EURUSD rally pauses ahead of US jobless claims and GDP data
The EURUSD pair was little changed during the Asian session as investors reflected on the fundraising proposal by the European Commission. The pair will today react to the US jobless claims, GDP, and pending home sales data. It will also react to the European business and consumer confidence data.
EUR/USD reacts to EU funding
The EURUSD pair has been on an upward trend since Friday when it was trading at 1.0870. The pair rallied yesterday after the European Commission unveiled a massive $826 billion funding package that will help countries deal with the pandemic. The funds will be given to member states as grants. While the news was positive, it will find resistance from the so-called frugal four countries that favour loans. Southern countries like Spain and Italy, with the support of Germany and France favour low-interest loans.
Important data ahead
The EURUSD pair will react to a slew of economic data from the United States and European Commission. In Europe, we will receive preliminary inflation data from countries like Spain and Germany. Also, we will get business and consumer sentiment data from the European Union. These numbers are expected to show that sentiment improved slightly in May as countries started to reopen their economies.

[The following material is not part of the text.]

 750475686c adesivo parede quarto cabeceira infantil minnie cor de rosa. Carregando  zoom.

In the United States, we will receive important GDP data. Analysts expect that the economy contracted by 4.8% in the first quarter. They also expect that the initial jobless claims rose again by more than 2 million. Other important upcoming data will be personal spending and pending home sales numbers.

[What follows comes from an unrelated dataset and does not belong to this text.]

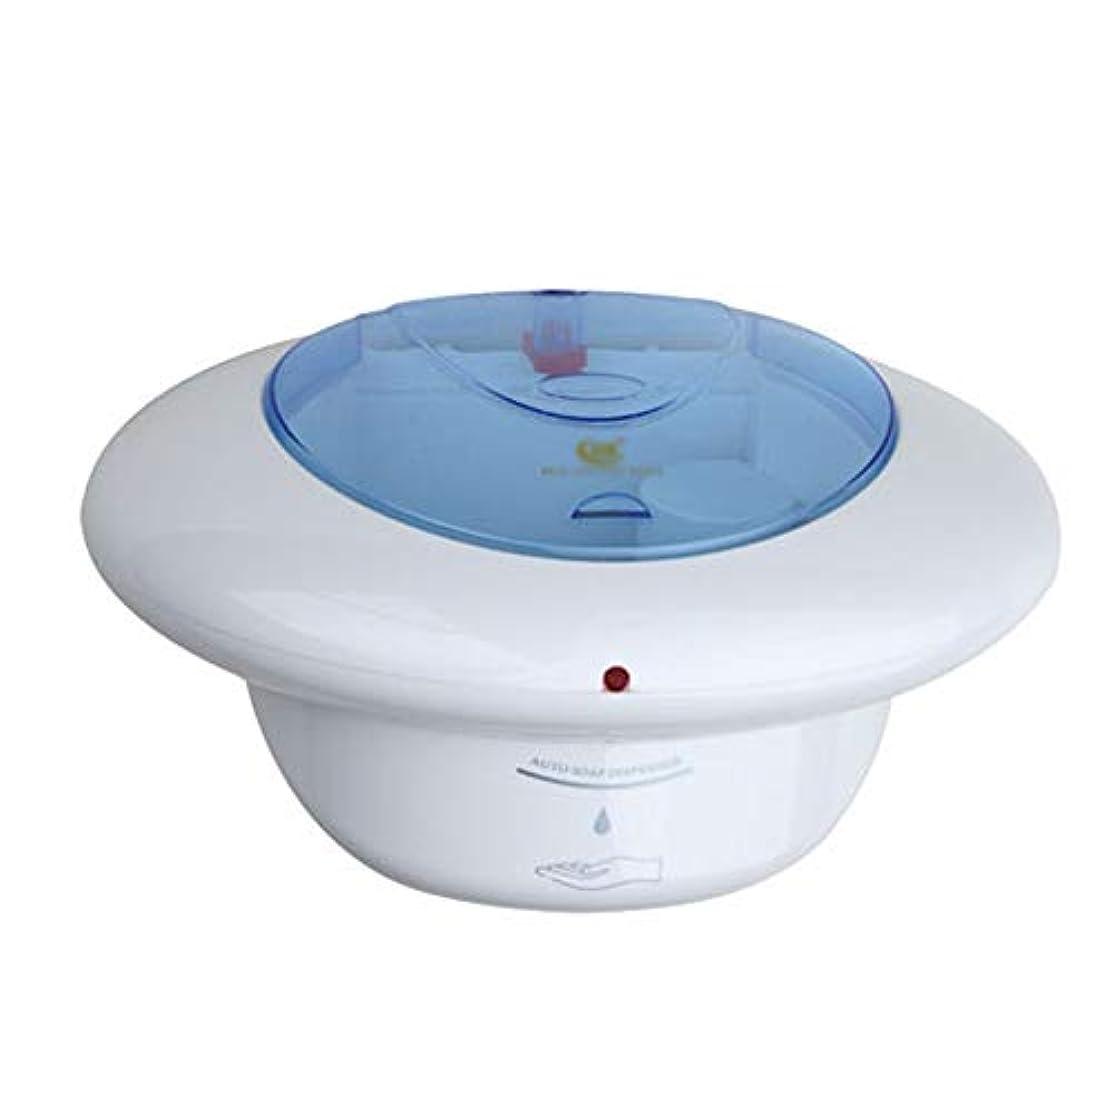 村ロイヤリティ匹敵しますソープディスペンサー 700mlの容量赤外線検出壁掛け自動ソープディスペンサー ハンドソープ 食器用洗剤 キッチン 洗面所などに適用 (Color : White, Size : One size)

The EURUSD pair is trading at the important psychological level of 1.1000, which is a few inches below the highest point in March. On the daily chart, the price is above the 50-day and 100-day exponential moving averages. It is also a few pips below the 50% Fibonacci retracement level. Therefore, I expect the bullish trend to continue as bulls attempt to test the 50% Fib at 1.1068.
On the flip side, a move below 1.0950 will invalidate this forecast. This price is along the 100-day exponential moving averages and is slightly below the 38.2% retracement.